[TYPES] Declarative vs imperative
dreamingforward at gmail.com
Tue Apr 23 00:23:54 EDT 2013
On Mon, Apr 22, 2013 at 8:51 PM, Vladimir Lifschitz <vl at cs.utexas.edu> wrote:
> Nikhil writes,
>> a C program is a specification for a hundred different machine code
>> algorithms that manage memory, register allocation etc.
> According to Mark,
>> A C program is not a specification in any sense
> They obviously use the the same word, "specification," in different ways.

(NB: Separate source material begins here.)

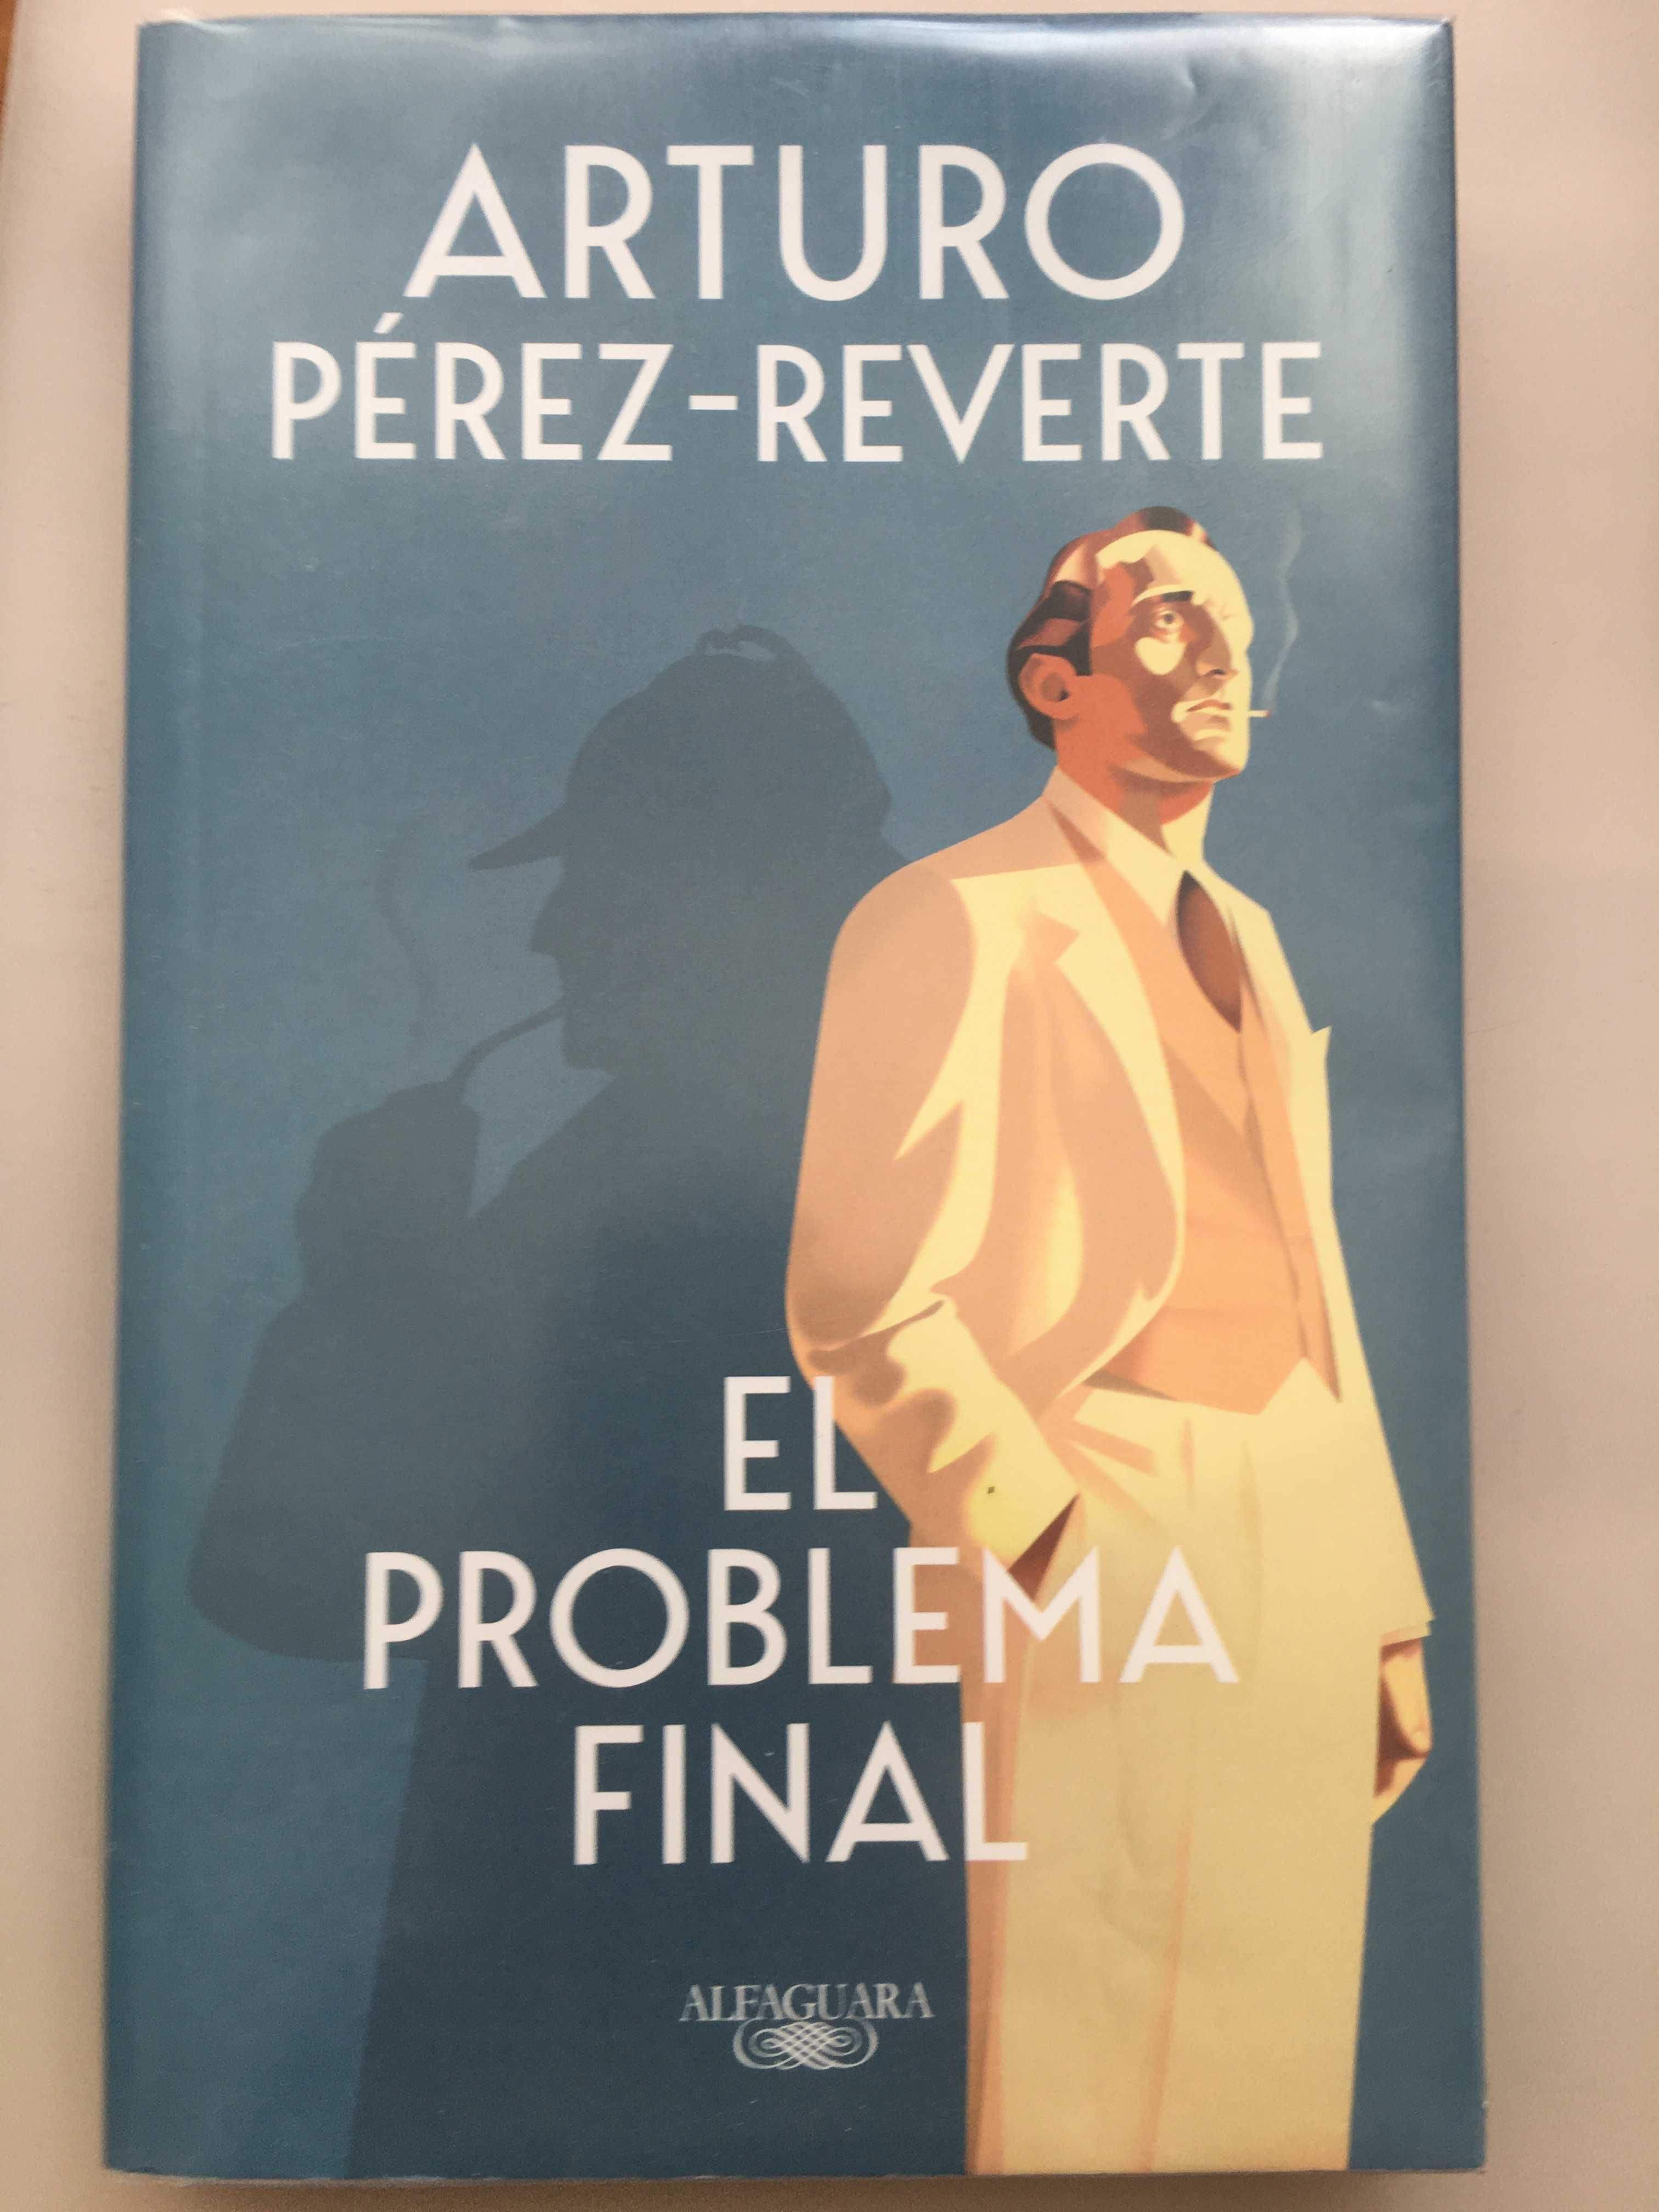 El Problema Final Arturo Arturo Pérez-Reverte książka po hiszpańsku

> Mark talks about formally specifying the computational problem to be
> solved (and so do I). Of course a C program is not a specification in
> this sense. Algebraic and differential equations are specifications, as
> well as pure LISP programs and ASP programs. Nikhil and Uday talk about
> specifying a class of computational procedures that differ from each other
> by low-level details such as register allocation. That usage indeed makes
> the notions of specification and implementation relative. What is a
> specification will depend then on how large the classes are, what level of
> detail we are willing to disregard.
Yes, I think the key "articulation" point for that word/concept (of
"specification") is the distinction where one can say that they are
*commanding* the computer (i.e. imperatively) vs. merely *telling* the
computer something ("procedurally") -- a subtle but significant
difference, but the latter always has a layer of
specification/definition where there is a translation from a
higher-level domain to another, lower-level domain. The key point for
me (within the realm of physical hardware and Turing Machines), is
that there is a point where this "ladder" of going form high-level to
lower-level "bottoms out" and there is no more room for interpretation
-- the electrical signals which are governed by the laws of physics.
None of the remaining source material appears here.